— Что это? — спросил он у Нисбета.
Нисбет резко тряхнул головой и поспешил к окну. Занавески были уже опущены, но он снова их отдернул и выглянул наружу.
Помнишь изображение Пандемониума в издании «Потерянного рая», принадлежащем моему отцу? Если нет, то отыщи его в моем кабинете, ибо тогда ты получишь некоторое представление об открывшемся перед нами зрелище. Поначалу мне показалось, что земля пылает, поскольку за вереницей облетевших деревьев в конце сада нельзя было различить ничего, кроме языков пламени, облаков черного дыма и густого желтоватого пара, который перемещался понизу туда и сюда, словно не имел сил подняться в воздух. Когда мои глаза немного привыкли к сумраку, я различил огромные черные насыпи, напоминающие горы; силуэты высоких труб и паровозы с большими колесами для перевозки угля; скопления сараев, домиков и конюшен, возведенных как попало, без видимого плана и заботы о привлекательном виде, вроде булавок, натыканных в булавочницу.
В центре располагались три или четыре ревущие печи, окруженные сетью рельсов, на которых выстроились груженые платформы — перевозившие, вероятно, всего лишь куски известняка, однако выглядевшие так, словно они доставляли в ад проклятые души (это впечатление усиливалось ритмичным стуком двигателей, выбивавшим, казалось, мрачный и зловещий похоронный марш). Пока мы смотрели, к печам со всех сторон продолжали сбегаться люди. Они кричали, бросали инструменты и ведра, жестикулировали — и собирались густой толпой подле чего-то или кого-то, распростертого на земле.
Я услышал, как Нисбет пробормотал: «Проклятие!»
— Опять несчастный случай? — спросил старик.
Он продолжал сидеть и выглядел слишком испуганным, чтобы лично удостовериться в произошедшем, и только вытянулся в нашу сторону.
— Похоже на то, — ровным голосом ответил Нисбет.
— О, Эли! — воскликнул старик, качая головой.
Он сильно побледнел. Тонкая седая прядь упала ему на глаза, но он даже не попытался откинуть ее.
Нисбет опустил взгляд на свои руки и рассеянно пошевелил пальцами; а потом повернулся ко мне и, слабо улыбнувшись, произнес как можно естественнее:
— Вы убедитесь, мистер Хартрайт, что я не сильно поспособствовал писателям и книгопродавцам. — Он указал взмахом руки на полупустые полки, а затем — на многочисленные полотна, развешанные между ними. — Однако ваши собратья не могут на меня пожаловаться.
Оглядевшись, я увидел около тридцати картин — всевозможных размеров, выполненных в самой разной манере и технике, маслом и акварелью; а также гравюры и карандашные рисунки. Объединяла их только тема: всюду изображались механизмы либо производственные процессы.
— Таковы мои пристрастия, — заявил Нисбет чуть насмешливо. — Пристрастия человека, ведущего дела с двумя железными дорогами и одной пароходной компанией.

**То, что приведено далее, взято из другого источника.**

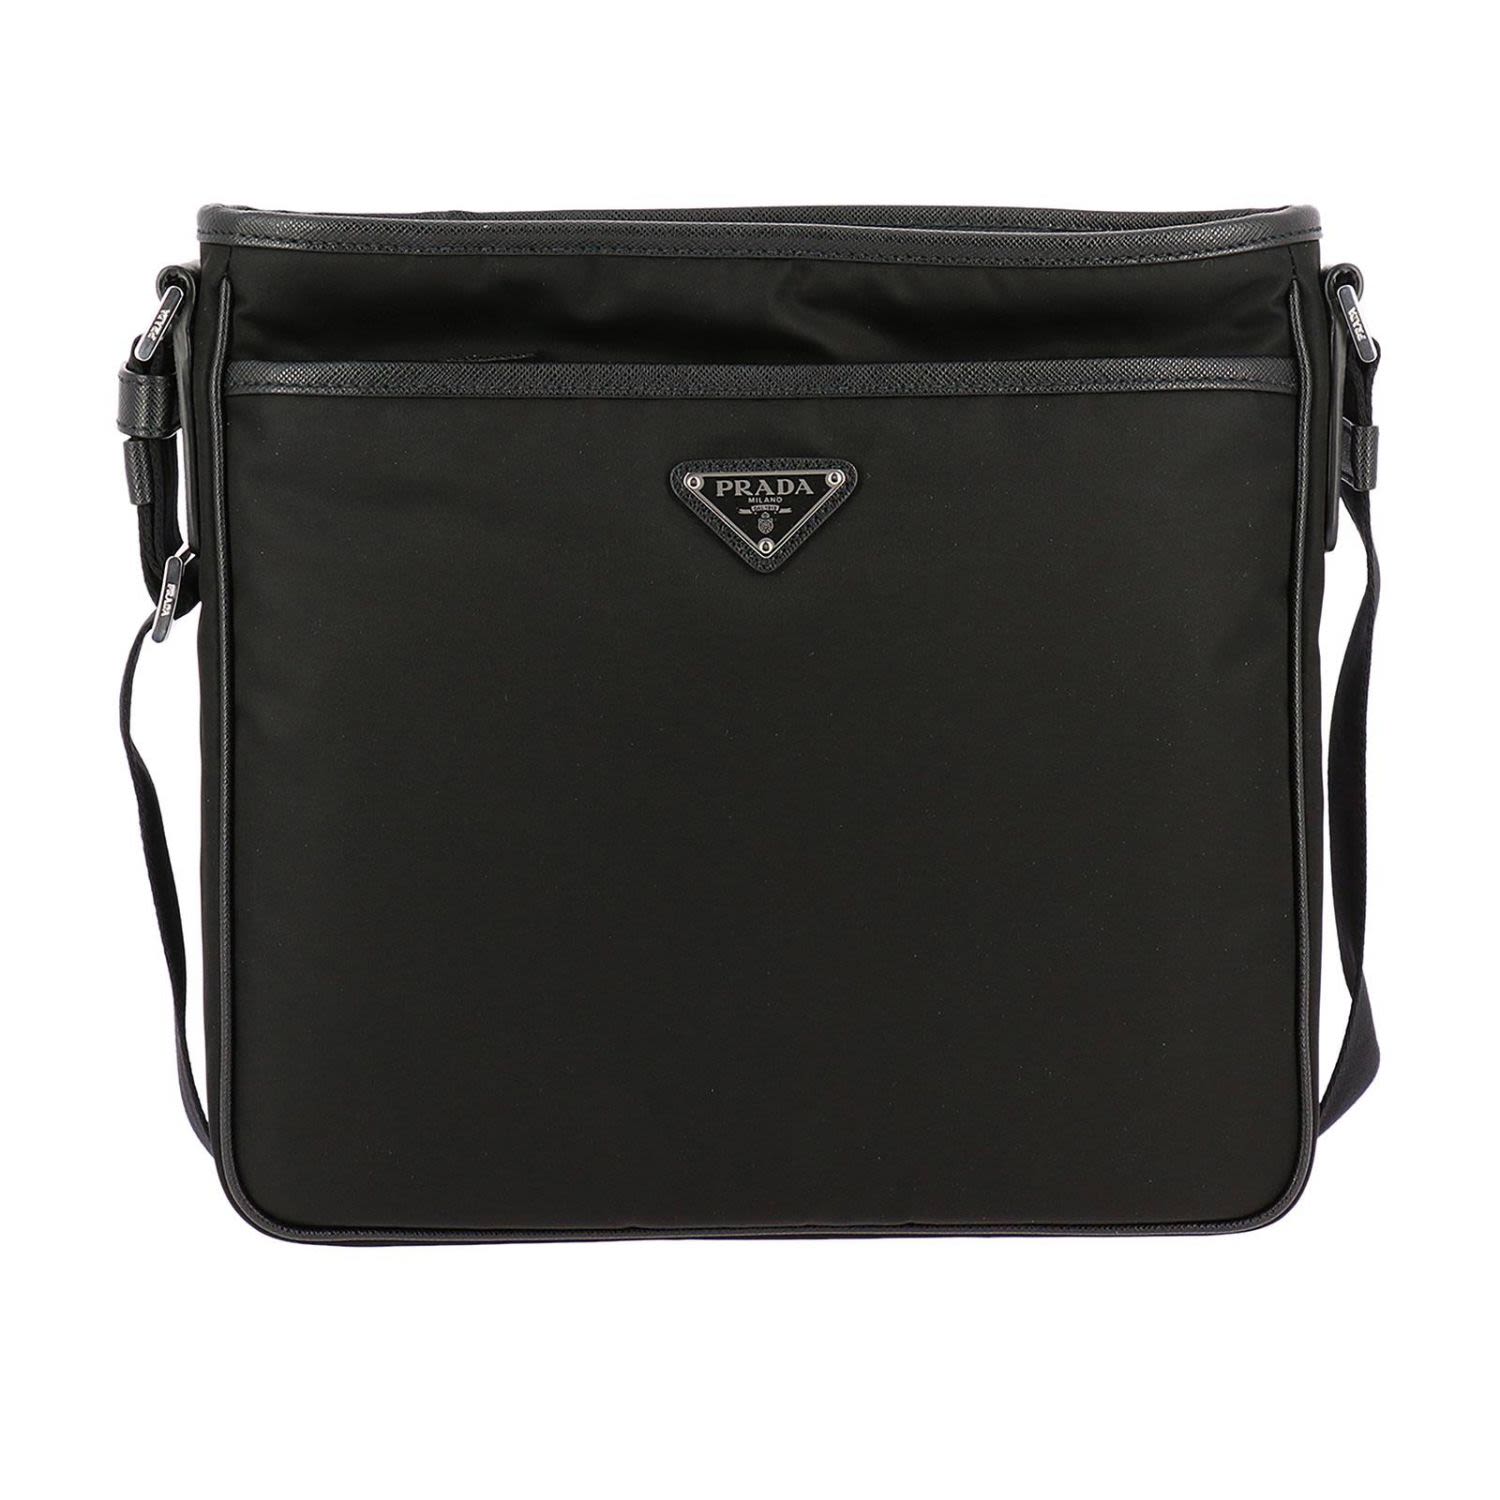 italist | Best price in the market for Prada Bags Bags Men Prada - black - 10494877 | italist

— Эли, — перебил старик, прежде чем я успел ответить. — Не стоит ли вам пойти туда?
— Я не намерен суетиться, словно женщина, — спокойно ответил Нисбет. Он прищурился и снова поглядел в окно. — Там находится мастер. Там находится администратор. Там находится мистер Харкнесс. Они знают, где найти меня, если я им понадоблюсь.
Он повернулся ко мне и, взяв за локоть, подвел к полотну, висящему над камином:
— Вот, пожалуйста. Вот ваш Тернер.
Передо мной был морской пейзаж: серое штормовое море, бурлящее под ветром, и пароход, упорно борющийся с волнами. Все выглядело поразительно смазанным, даже по стандартам Тернера: волны — несколько плотных, заостренных взвихрений на сияюще-светлом фоне; корабль — расплывчатое черное пятно, единственной четкой деталью которого был столб дыма, вырывающийся из трубы. И все-таки картина производила столь сильное впечатление, что вы, казалось, ощущали дрожь палубы под ногами, чувствовали на лице холодные брызги, вдыхали удушающий запах горящего угля; а в ушах у вас отдавались стук колес и гул двигателя.
— Каково ваше мнение? — спросил Нисбет.
— Картина очень хороша.
— Вы говорите искренне?
— Да, — ответил я, немного удивленный прямотой вопроса.
— Тогда вам придется противостоять всей округе, включая моего тестя. — Он повернулся к старику — Это мистер Хартрайт, отец. Мистер Хартрайт — Сэм Блай.